You are viewing a plain text version of this content. The canonical link for it is here.
Posted to users@kafka.apache.org by Rajiv Kurian <ra...@signalfx.com> on 2015/09/22 20:46:49 UTC

Debugging high log flush latency on a broker.

I have a particular broker(version 0.8.2.1)  in a cluster receiving about
15000 messages/second of around 100 bytes each (bytes-in / messages-in).
This broker has bursts of really high log flush latency p95s. The latency
 sometimes goes to above 1.5 seconds from a steady state of < 20 ms.

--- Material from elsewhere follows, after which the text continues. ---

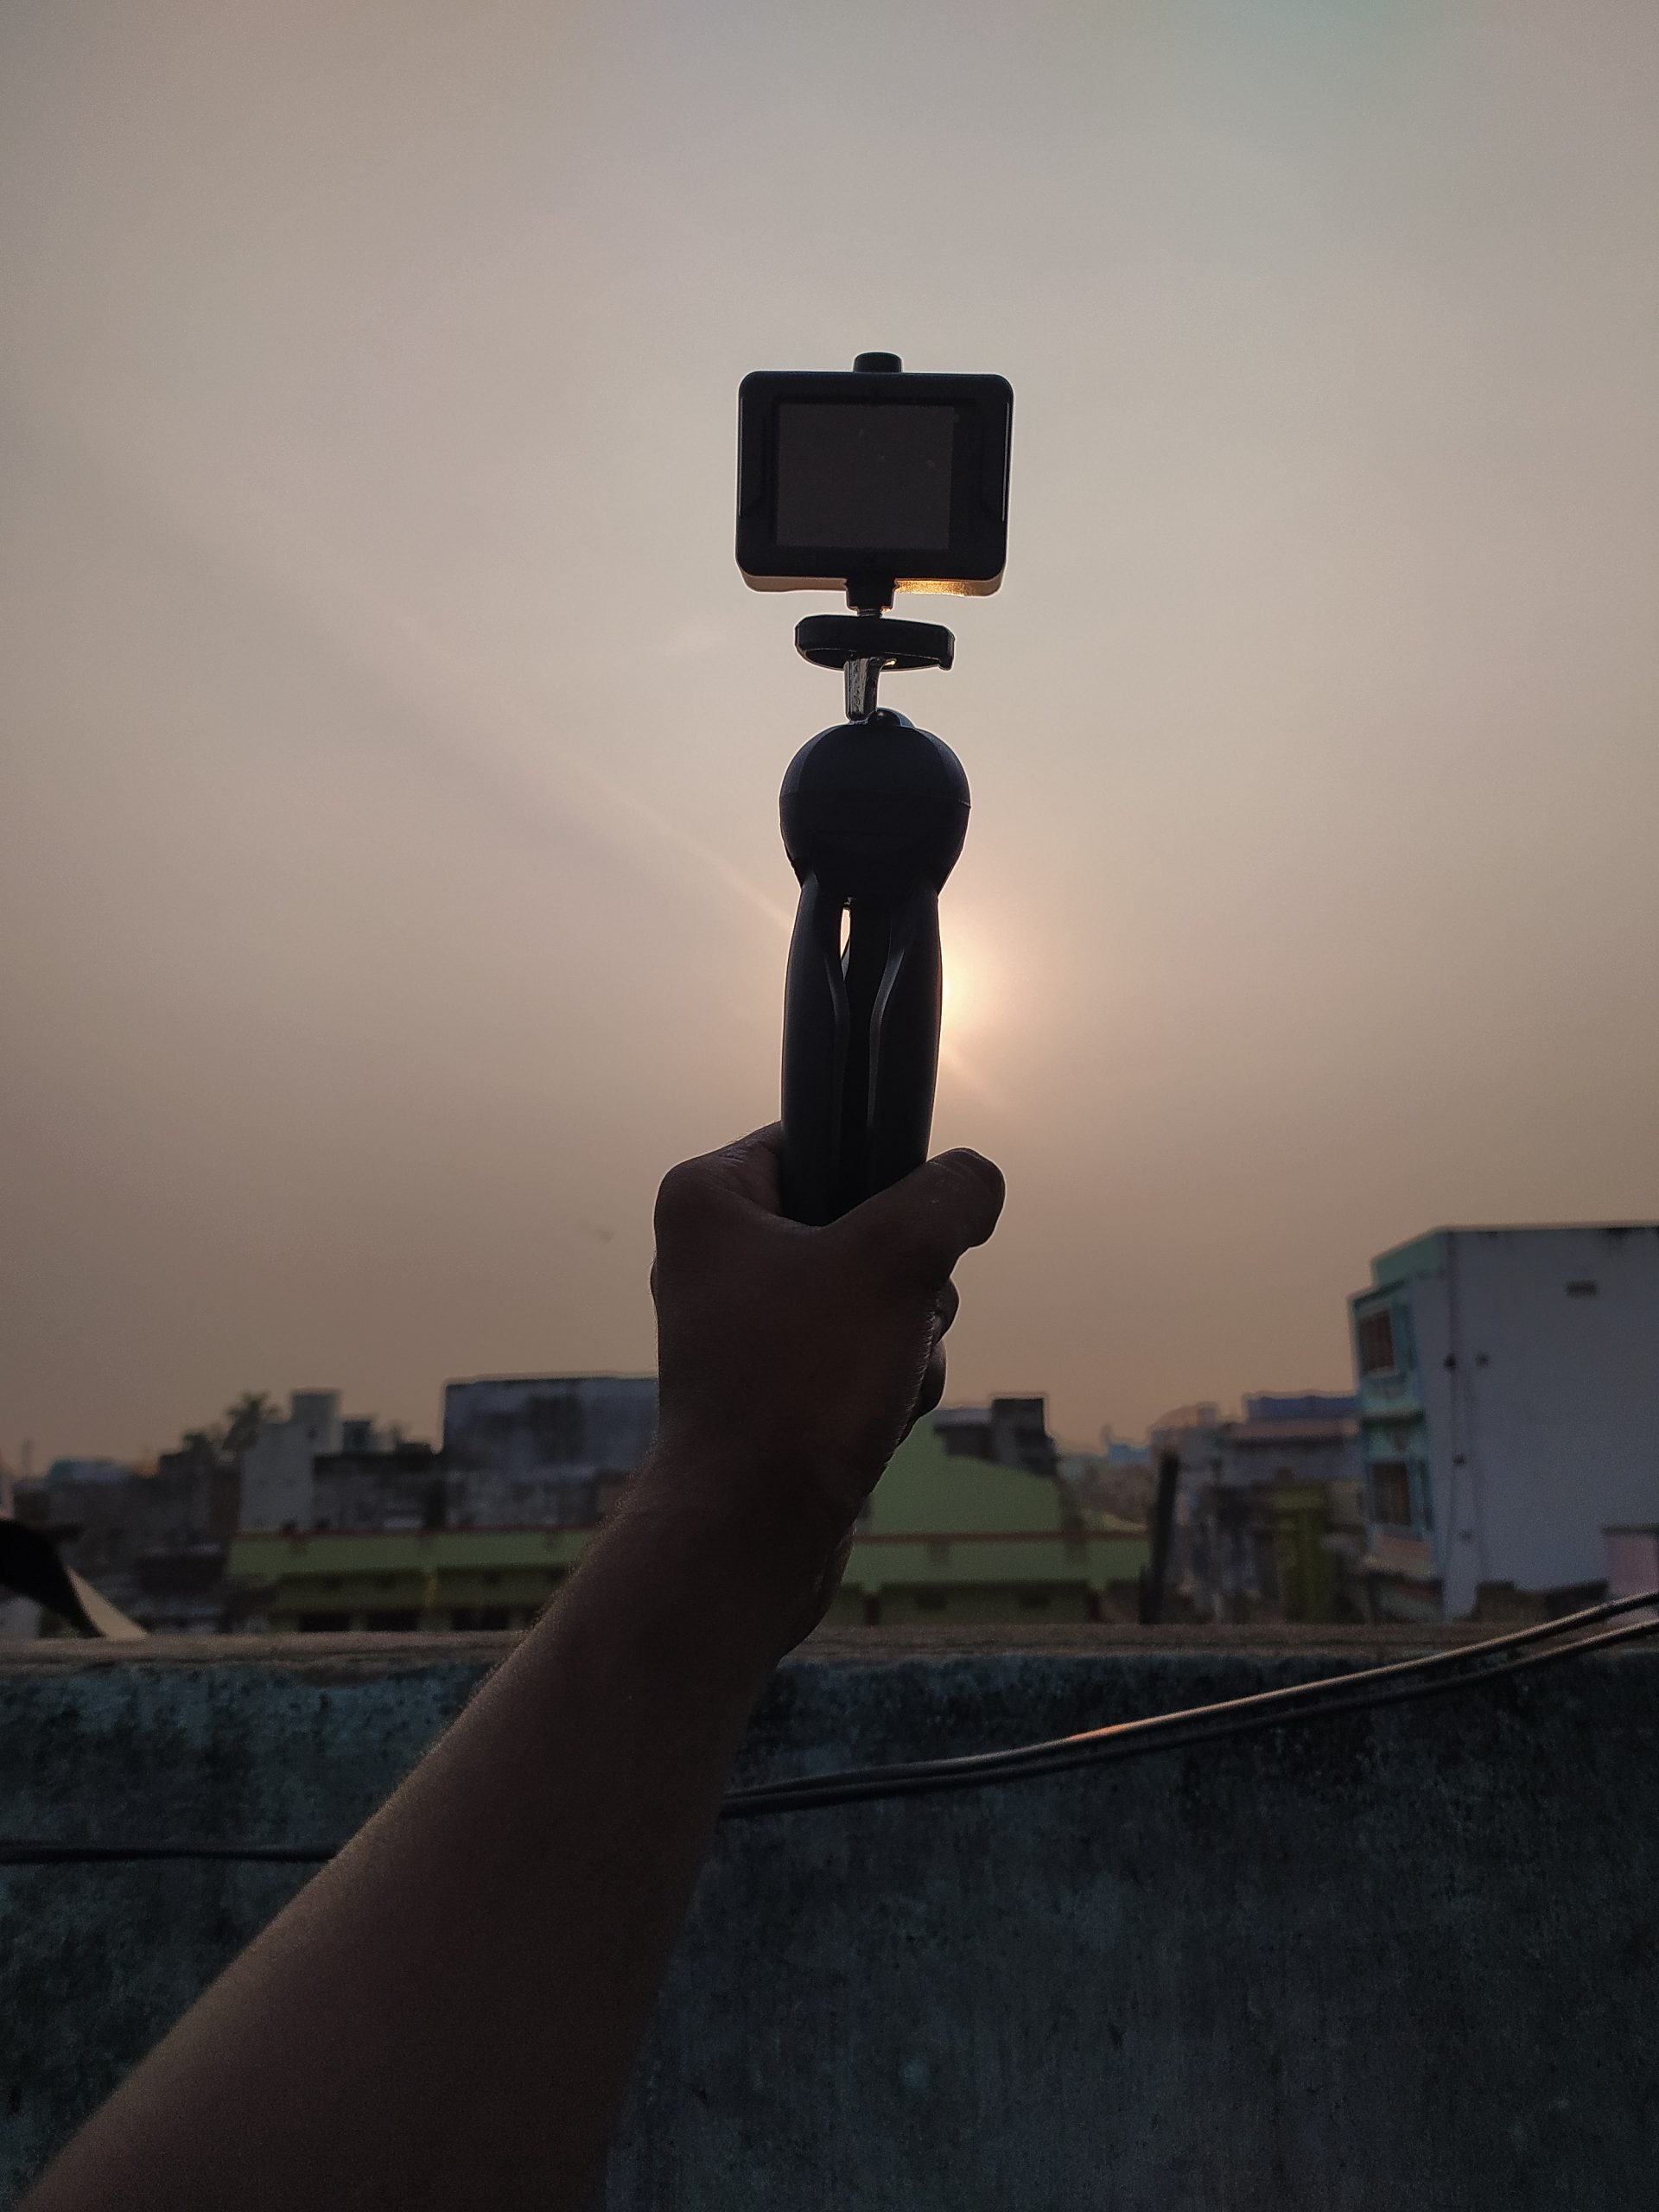 Go pro camera in hand

Running top on the box  shows bursts of wa (io wait) of over 10% during
these high latency cycles. Running iostat during the same time shows that
it was doing more than 16000 block writes/sec during these periods of high
latency. Running iostat during a normal run shows around 3000 - 7000 block
writes/second. So it does seem like during the latency cycle we are just
trying to do too much IO.

I have tried replacing the broker several times to see if that would help
but it hasn't so far, so my guess is there is something peculiar about one
or more of the partitions that are assigned to that broker. The other
observation is that messages-in/sec and bytes-in/sec DO NOT go up higher
when the broker is misbehaving. I have also noticed that every time I
replace the broker it takes much longer for the new broker to bootstrap
when compared to other brokers that I have replaced. For example it takes
up to 20 minutes before the log flush latency on the newly bootstrapped
broker (with the same ID as the one it replaced) to go to normal levels.

Any hints on what else I can try (replacing broker does not seem to help?
15000 messages/second of around 100 bytes each on a dual SSD, 30 GB RAM and
16 core box would seem very doable. It doesn't bother the other brokers in
the cluster either.

Also any hints on how I can find the exact topic/partitions assigned to
this broker? I know in ZK we can see the partition -> broker mapping, but I
am looking for a broker -> partition mapping. I can't be sure if the load
that is causing this problem is because of leader traffic or follower
traffic. What is weird is that I rarely if ever see other brokers in the
cluster have the same problem. With 3 way replication (leader + 2 replicas)
I'd imagine that the same work load would cause problems on other brokers
too.

Thanks,
Rajiv

Re: Debugging high log flush latency on a broker.

Posted by Rajiv Kurian <ra...@signalfx.com>.
Thanks Steve. I followed your suggestion to get the topics.

What is weird is that the bad broker does not get any more traffic
(messages or bytes) when this happens. Also I have more than 2 G (out of
28G) free memory according to collectd and running vmstat on the box, so I
hope that things don't get paged out. The incoming traffic is paltry (15k
messages/sec on such a big box) so I can't understand how this is happening.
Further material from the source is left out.